W1 - Programming Assignment 2 - Improving Neural Network

Hi,

Why does Dropout matrix needs to be of same size as Activation. Since Dropout removes only neurons it should be in shape of (Number of Neurons, 1)

1 Like

Hi,
Not quite sure understand what you mean. Activation is not a matrix, it’s just a function that can be applied to any vector/matrix. So, the thing is, it’s just a notation that has been used. And you are right, that it should be like (num_neurons,1) but the idea is, this A matrix is given to us after applying activation function and hence the name.

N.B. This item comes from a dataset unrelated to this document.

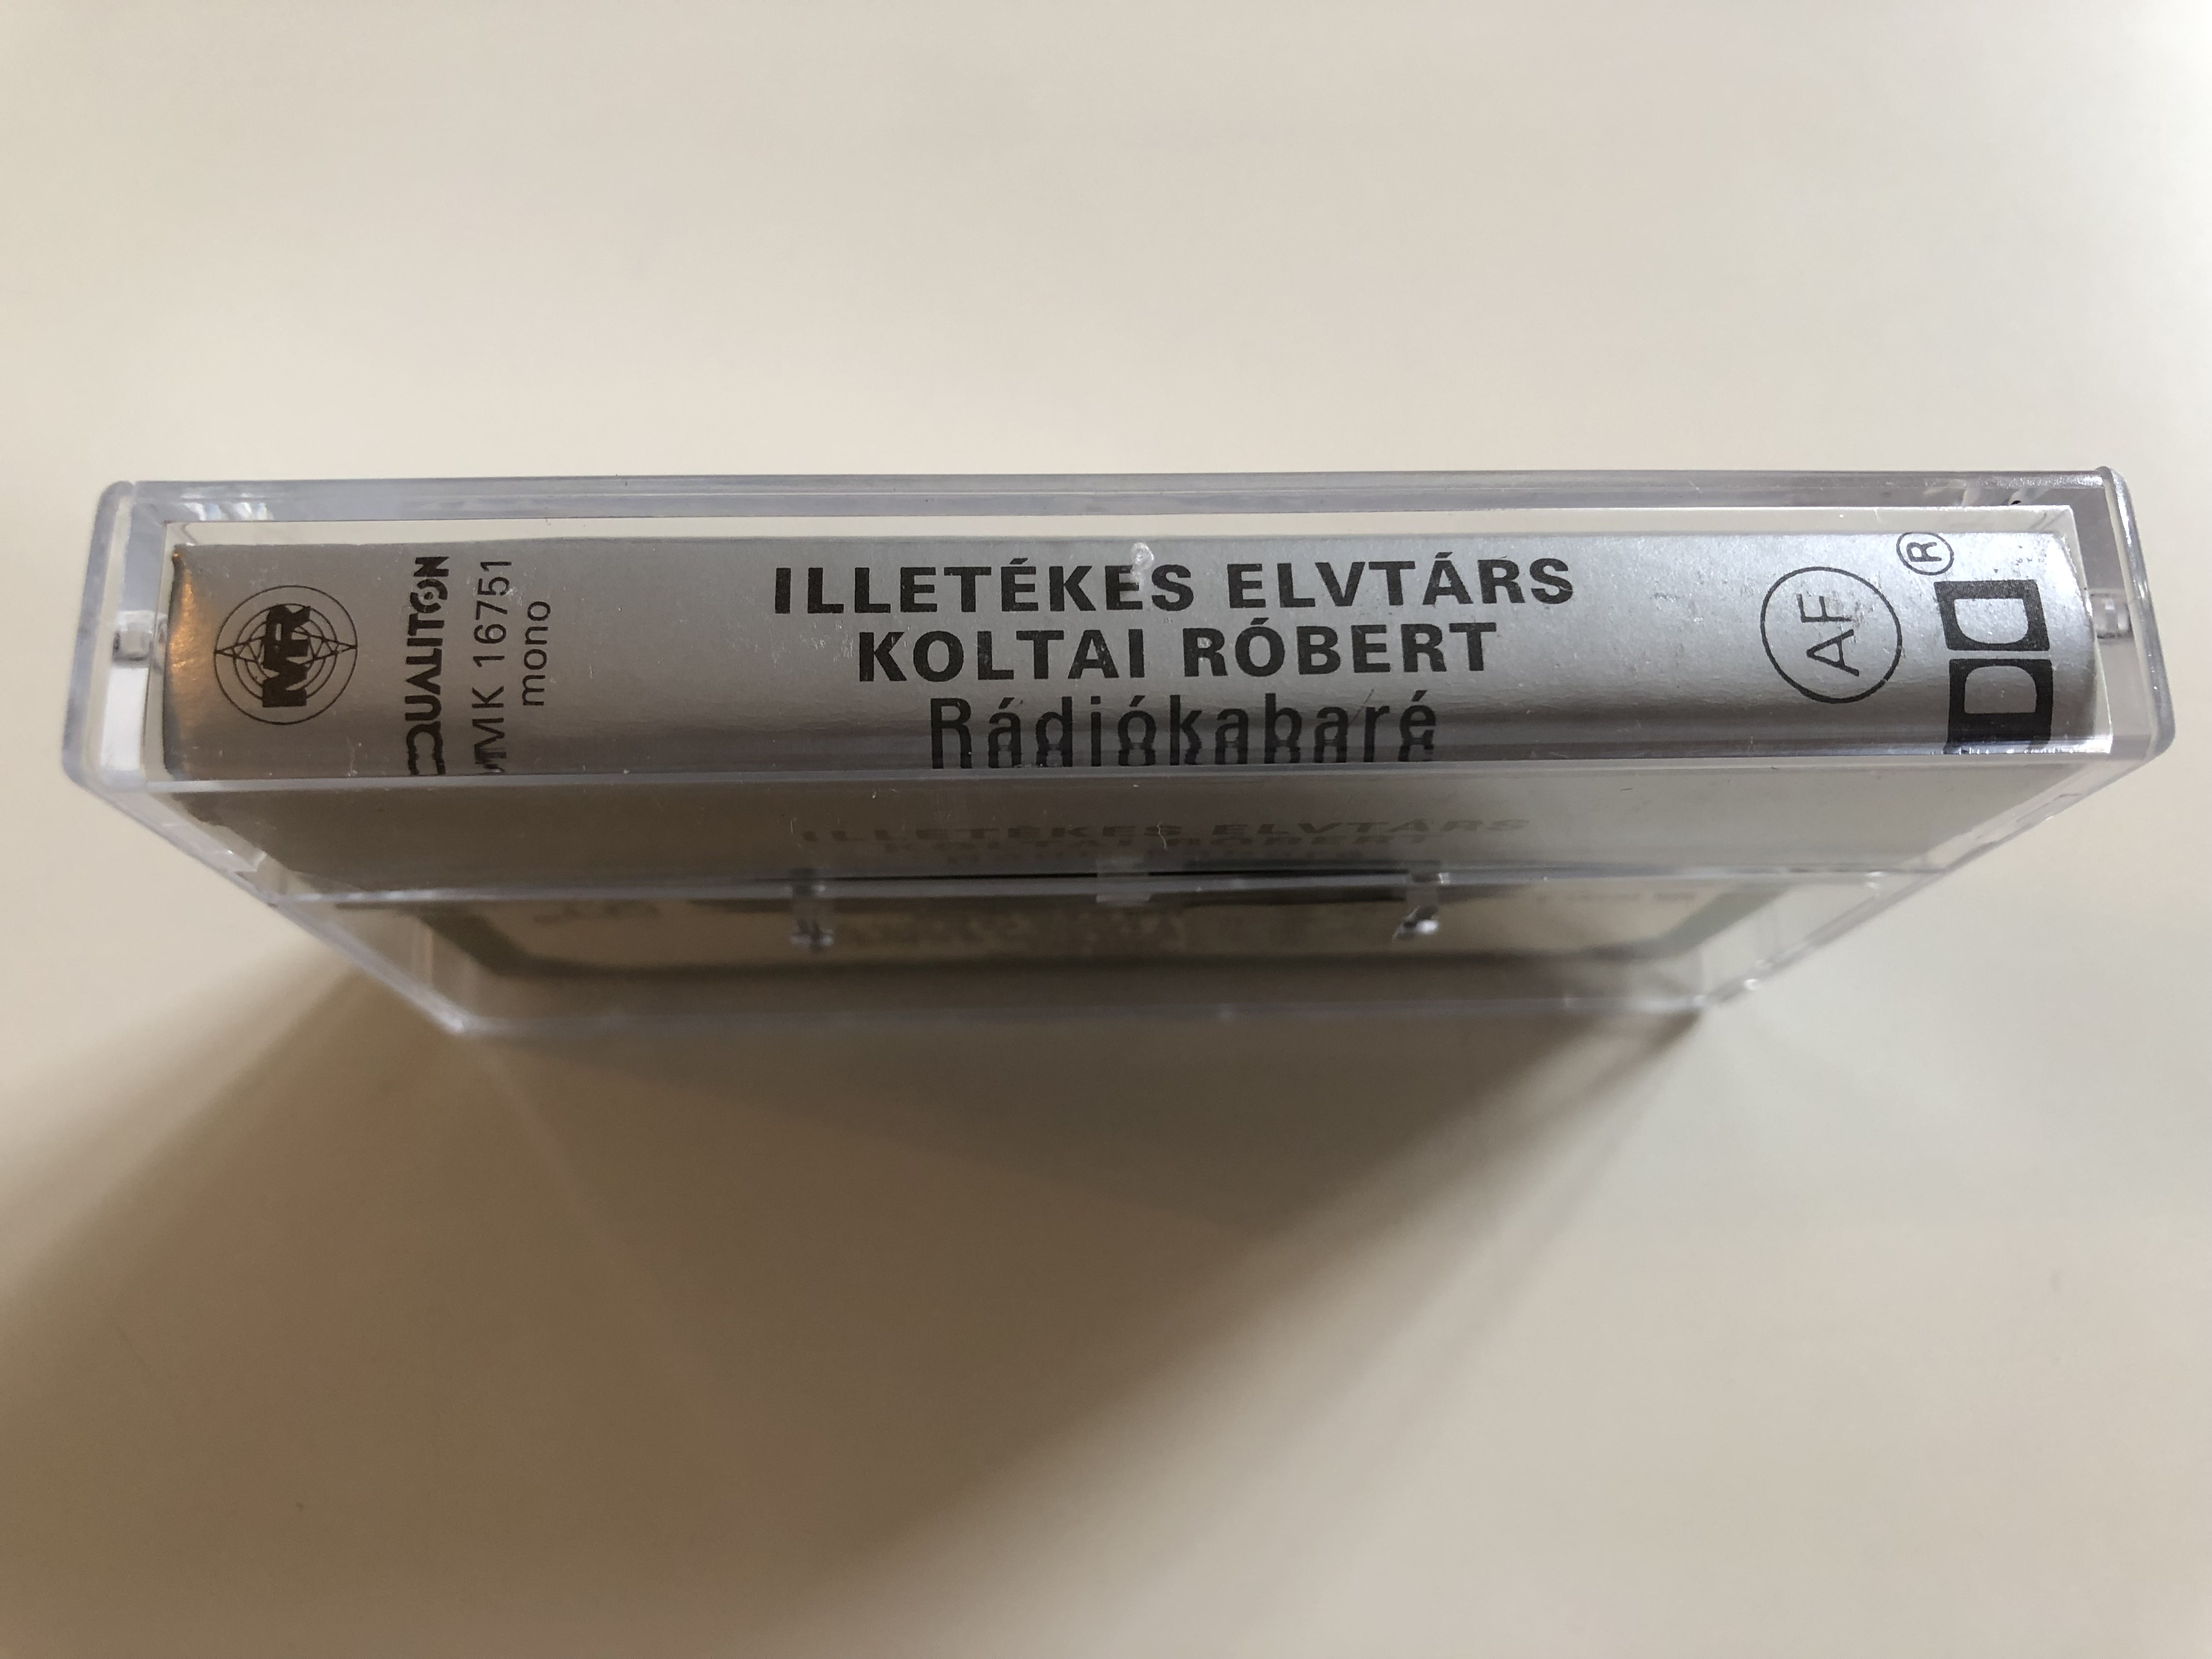 illet-kes-elvt-rs-150-forint-koltai-r-bert-radiokabare-qualiton-cassette-mono-mk-16751-4-.jpg

This is an interesting point. Prof Ng is not that specific about this in the lectures, but you can clearly see in the notebook that they define the “drop” mask in such a way that not all samples in the given batch are handled the same way w.r.t. dropout. That is the implication of the fact that the dropout mask is the same shape as the output activation at the given layer. Here’s a thread which discusses this in more detail.

1 Like

Thanks @paulinpaloalto , This makes sense. Since dropout matrix would not be same for every training example. It only makes sense to randomnly create it for every training example differently to reduce overfitting.

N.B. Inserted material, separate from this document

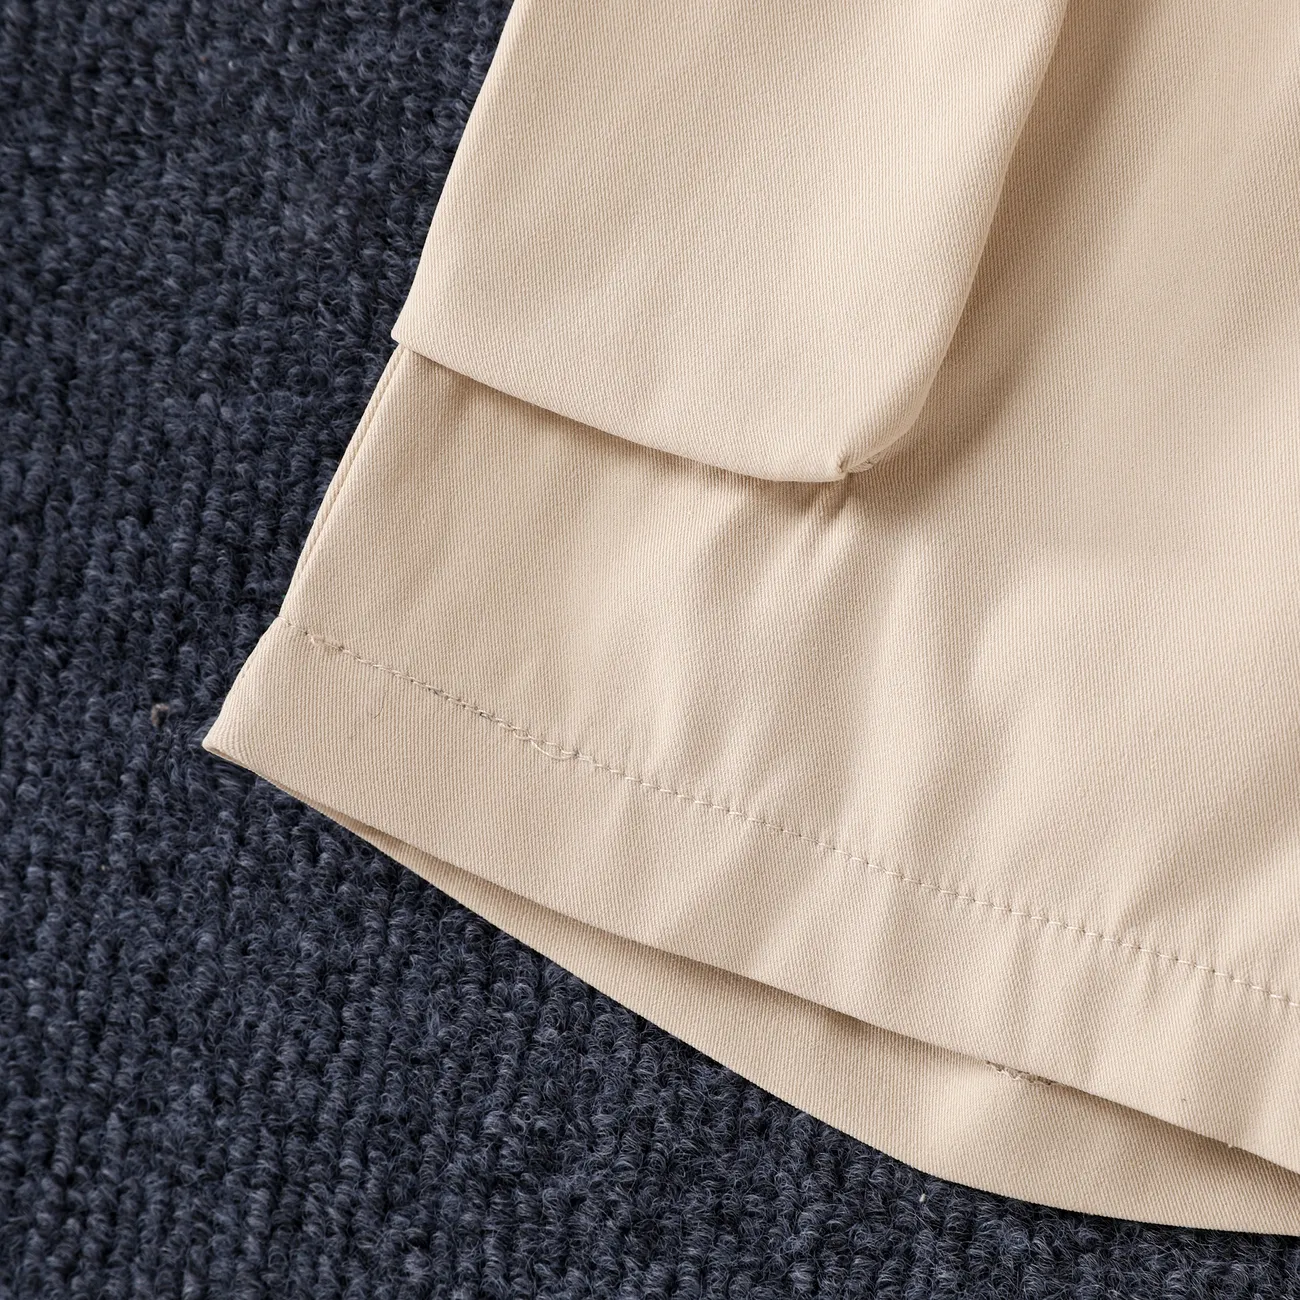 Pantalones cortos casuales de poliéster para niño con bolsillos - Color liso Caqui big image 1

Yes, I think that’s the intuition, but it’s worth reading that other thread that I linked. A fellow student did some fairly detailed experimentation comparing the “different for every sample” method with the “consistent for every sample (in a given iteration of course)” method and there doesn’t really seem to be that much difference. But all this behavior is fundamentally statistical, so maybe with bigger experiments we’d be better able to see if there are really differences in the results …